A similar result has shown that vitamin C and vitamin E enhanced the antioxidant status and inhibited lipid peroxidation in rats with cadmium chloride toxicity. These findings indicate that the antioxidant activity of vitamin C and vitamin E are targeted primarily towards the lipid component of cells. Antioxidants such as vitamin C and vitamin E have been reported to inhibit free radical formation and are effective in minimizing lipid peroxidation in several different biological systems [21].

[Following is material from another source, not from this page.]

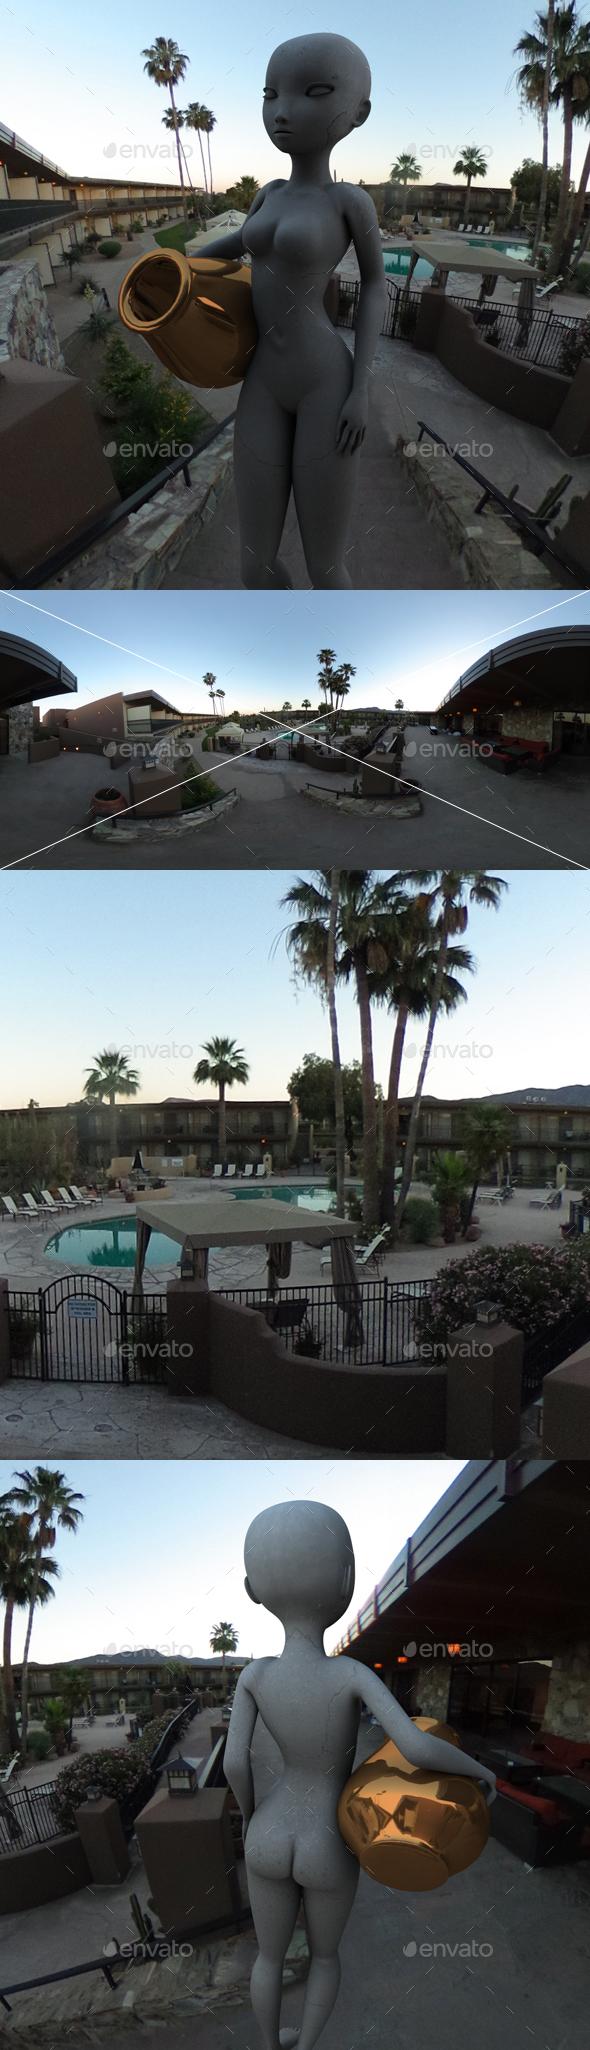 Morning Arizona Hotel HDRI - 3DOcean Item for Sale

SOD and GPx are important antioxidant enzymes. They constitute a mutually supportive defense mechanism against free radical. SOD decomposes superoxide radicals (O2-) to produce H2O2. GPx is a selenoenzyme which has played a major role in the decrease of H2O2 and hydroperoxide to produce nontoxic products. Therefore, the activities of SOD and GPx have been used to assess oxidative stress in cells [6,12]. It has that cadmium chloride has a high affinity for SH groups in several enzymes such as SOD and GPx, thus it can alter antioxidant activities by inhibiting functional SH groups in these enzymes [2,3]. In the present study, the activity of SOD and GPx in gastric rats was decreased by cadmium chloride treatment. This decreased SOD and GPx activities with cadmium chloride treatment is in agreement with previous studies. This suggested that cadmium chloride exposure induced oxidative stress by inhibiting the activity of this antioxidant enzyme. Interestingly, the administration of chitosan nanoparticle doses-dependent manner increased the activities of SOD and GPx in the gastric of cadmium-treated rats, which might be due to the ability of chitosan nanoparticle to reduce the accumulation of free radicals. Chitosan nanoparticle acts as a scavenger for the oxygen-derived free radicals, thus protecting from gastric damage [9,17].

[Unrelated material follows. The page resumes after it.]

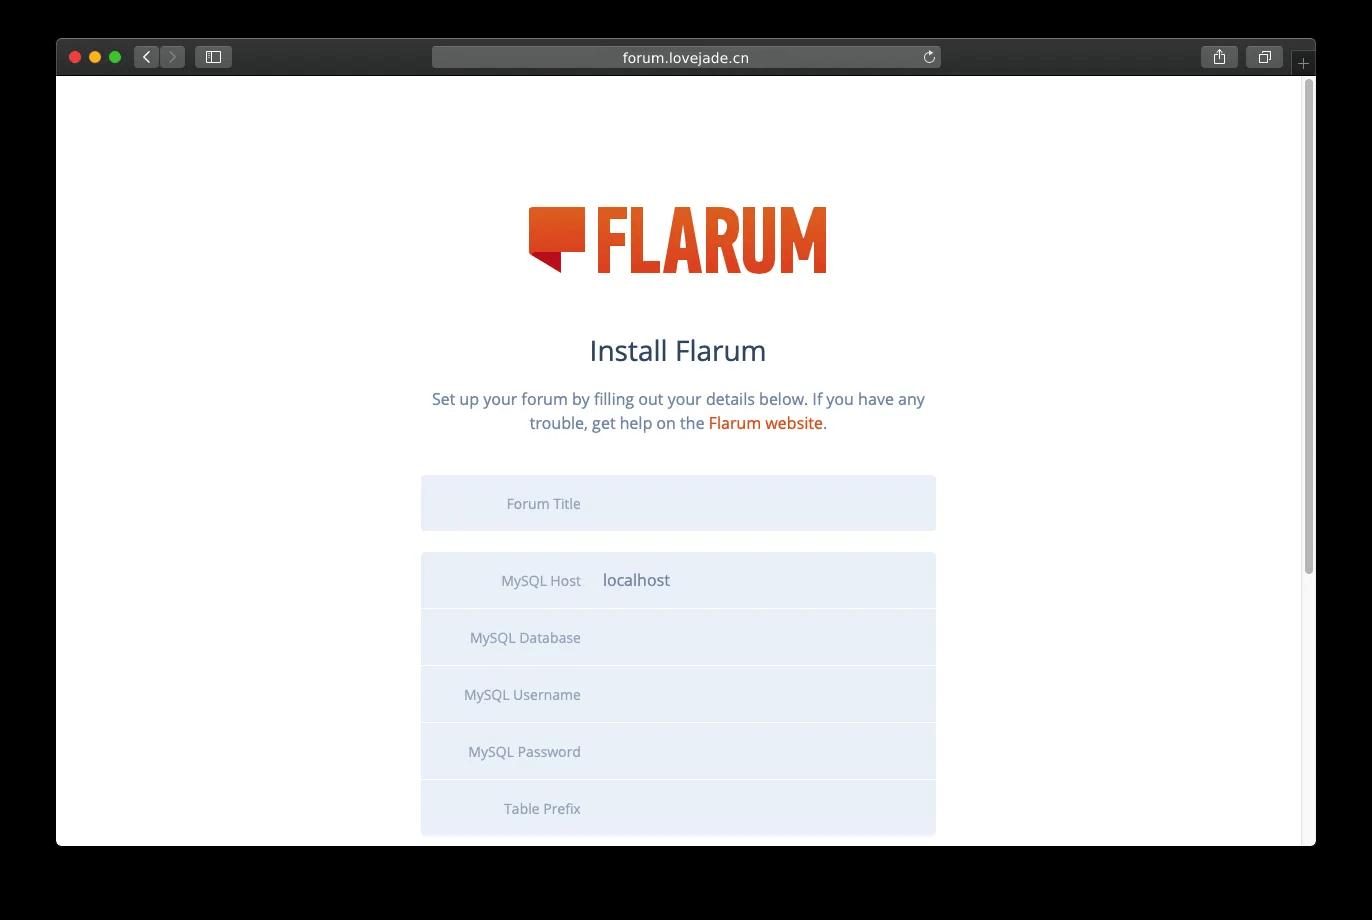 Flarum Install

The decrease in lipid peroxidation due to chitosan nanoparticle has been attributed to alterations in the antioxidant defense system which includes enzymes such as glutathione-S-transferase, catalase (CAT), SOD, GPx, and nonenzymatic molecule such as glutathione, which normally protect against free radical toxicity. The primary mechanism of action of chitosan nanoparticle may involve the scavenging of free radicals which can inhibit free radical formation [17]. It has been found a decrease MDA levels and an increase in the antioxidant enzyme parameters including SOD, CAT, and GPx in the plasma and tissue such as liver, kidney, and brain of animals that were administered chitosan in association with heavy metal, in comparison to the group that was administered heavy metal alone [6,10].

Histopathological results demonstrating structural changes in gastric tissue of heavy metal toxicity such as cadmium chloride were reported by some researchers. In the present study, histopathological view of gastric sections in the cadmium chloride treated group showed the gastric damage and necrosis of gastric mucosa epithelial cell as compared to the negative control group. The rats pretreated with chitosan nanoparticle 600 mg/kg BW demonstrated significantly improved necrosis of gastric mucosal epithelial cell.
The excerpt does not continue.